I'm open to suggestions.

--
John Naylor
Amazon Web Services

Re: GB18030-2022 Support in PostgreSQL

John Naylor <johncnaylorls@gmail.com> — 2025-09-16T09:36:02Z

On Fri, Sep 12, 2025 at 8:57 AM Chao Li <li.evan.chao@gmail.com> wrote:
> * In 0003, updated a function comment in utf8_and_gb18030.c to address John's comment about reference to the xml file.

Thanks, but the entire point of that comment change was to remove the
reference to the XML file, yet it didn't actually do that. Also, the
words in my email were to explain to you what should go there and why.
That doesn't mean those words belong in the comment.

The comment change seems like it belongs in the preparatory commit
anyway, so I put the links there and pushed 0001 (along with the
squashed 0002).

--
John Naylor
Amazon Web Services

Re: GB18030-2022 Support in PostgreSQL

Chao Li <li.evan.chao@gmail.com> — 2025-09-17T02:08:28Z

Hi John,

On Sep 16, 2025, at 17:36, John Naylor <johncnaylorls@gmail.com> wrote:


The comment change seems like it belongs in the preparatory commit
anyway, so I put the links there and pushed 0001 (along with the
squashed 0002).


Thank you very much for pushing 0001.

I see you have updated the function comment in utf8_and_gb18030.c, so I
removed it from the v8 patch.

Attached is the v8 patch:

* Updated the commit comment by taking your wording
* Removed the change of utf8_and_gb18030.c

Please take a look again, and thanks for your patience.

Best regards,
--
Chao Li (Evan)
HighGo Software Co., Ltd.
https://www.highgo.com/

Re: GB18030-2022 Support in PostgreSQL

John Naylor <johncnaylorls@gmail.com> — 2025-09-18T07:59:32Z

On Wed, Sep 17, 2025 at 9:08 AM Chao Li <li.evan.chao@gmail.com> wrote:
> I see you have updated the function comment in utf8_and_gb18030.c, so I removed it from the v8 patch.
>
> Attached is the v8 patch:

I've reworked the commit message I started in v5 to incorporate later
discussions. (I was not a fan of including a complete table there, nor
of using UTF-8 encoding instead of code points as a reference.)

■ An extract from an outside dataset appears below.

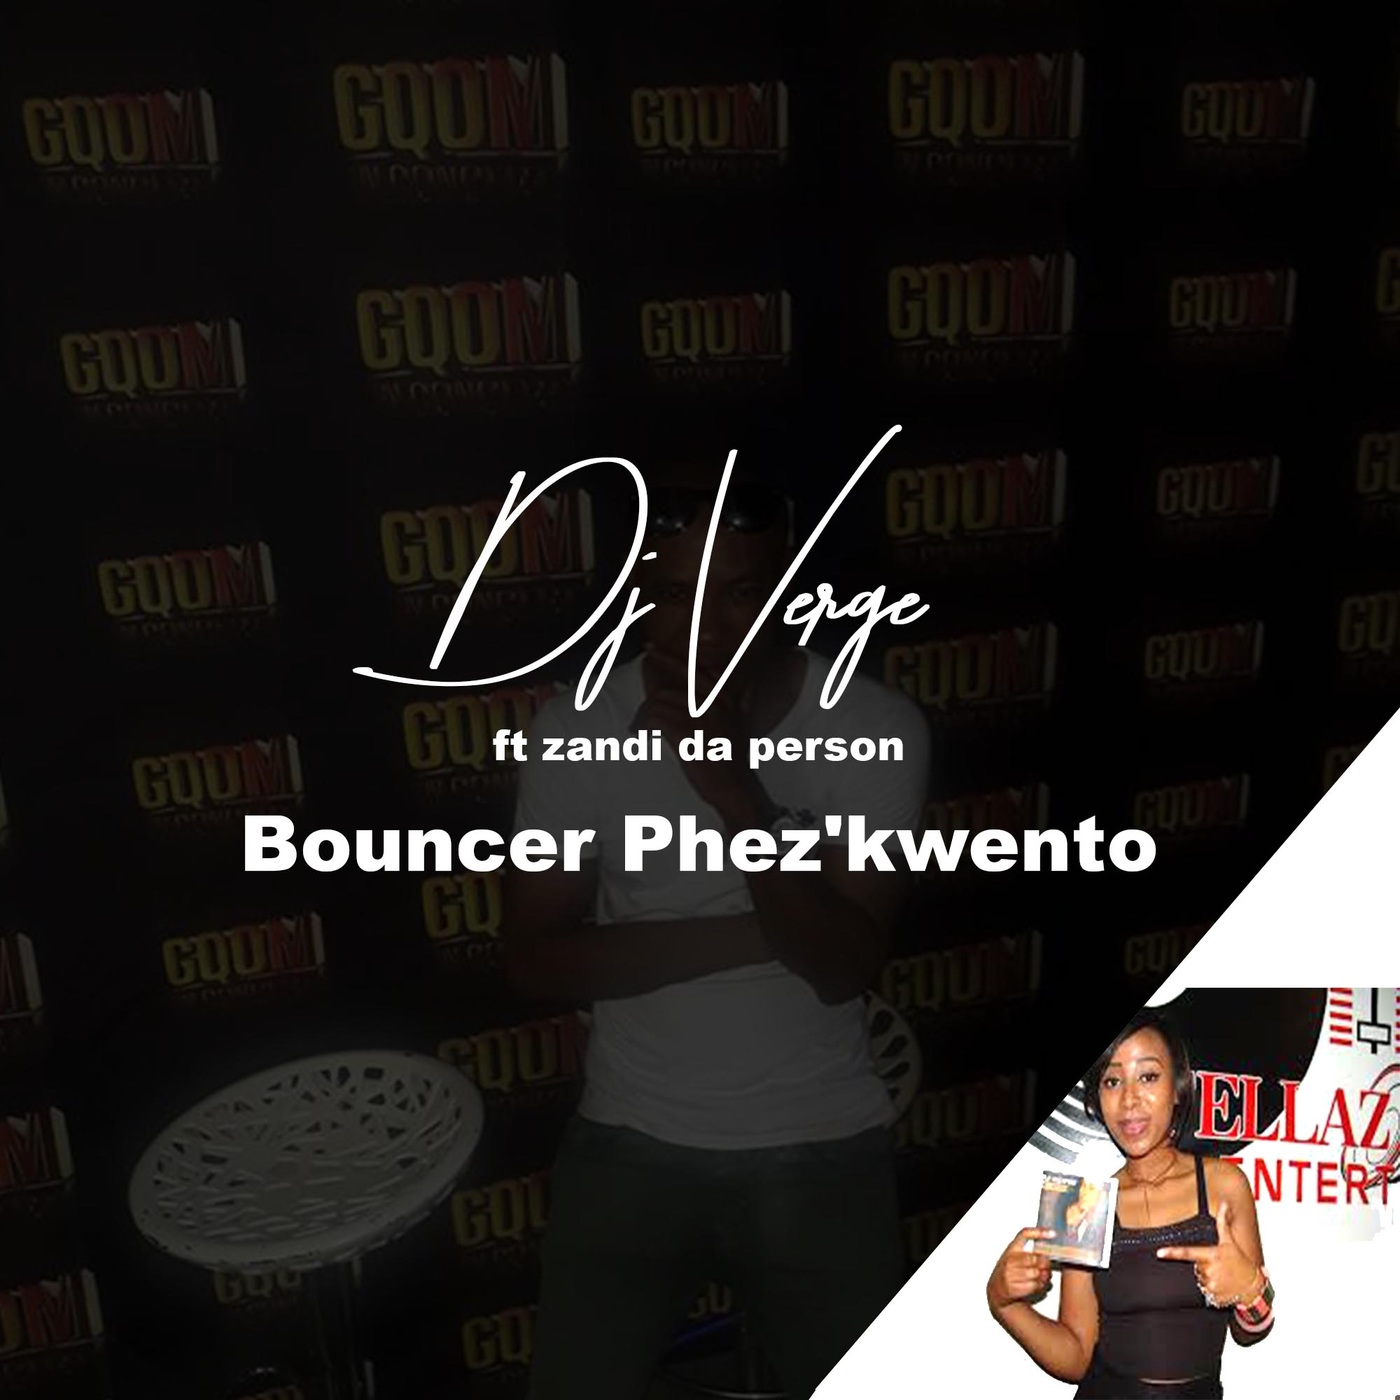 Dj Verge feat. Zandi Da Person - Bounce Phez'kwayo / Phushi Plan music
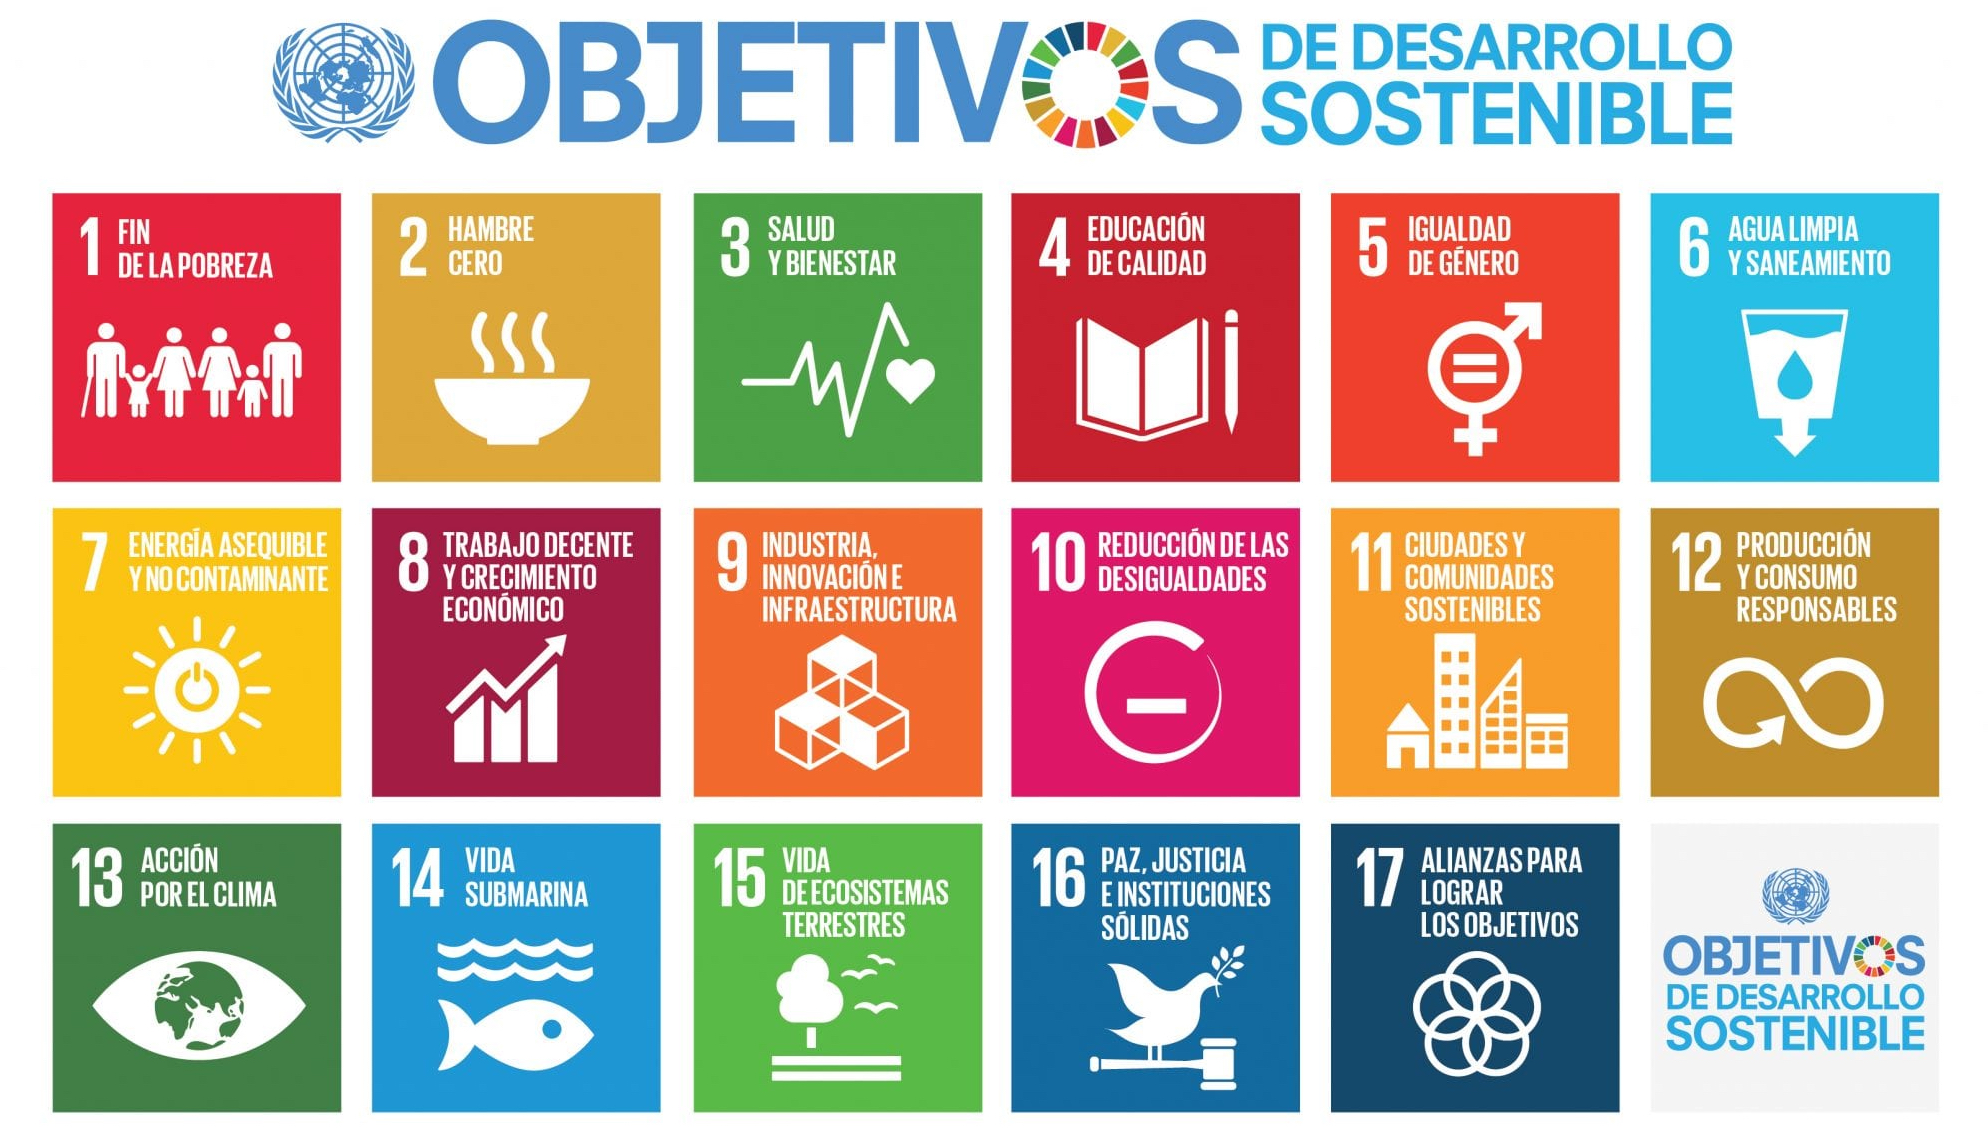 Imagen que incluye los diecisiete objetivos de desarrollo sostenible que se presentan a continuación acompañados de un icono que los representa

The only change I made for v9 is to reword the regression test
addition from "upgrades" to "change". I'm planning to commit next week
unless there are objections. (If anyone otherwise busy with the PG18
release wants a chance to weigh in, let me know and I'll hold off).

It'll be a good idea to communicate how to detect (unlikely but not
impossible) incompatibilities for existing systems, but I don't think
committing needs to wait for that piece.

--
John Naylor
Amazon Web Services

Re: GB18030-2022 Support in PostgreSQL

Chao Li <li.evan.chao@gmail.com> — 2025-09-18T08:16:05Z

Hi John,

Thanks for working on v9.

> On Sep 18, 2025, at 15:59, John Naylor <johncnaylorls@gmail.com> wrote:
> 
> 
> It'll be a good idea to communicate how to detect (unlikely but not
> impossible) incompatibilities for existing systems, but I don't think
> committing needs to wait for that piece.
> 
> --
> John Naylor
> Amazon Web Services
> <v9-0001-Update-GB18030-encoding-from-version-2000-to-2022.patch>

V9 looks good to me. I am absolutely fine with removing the table of mapping changes.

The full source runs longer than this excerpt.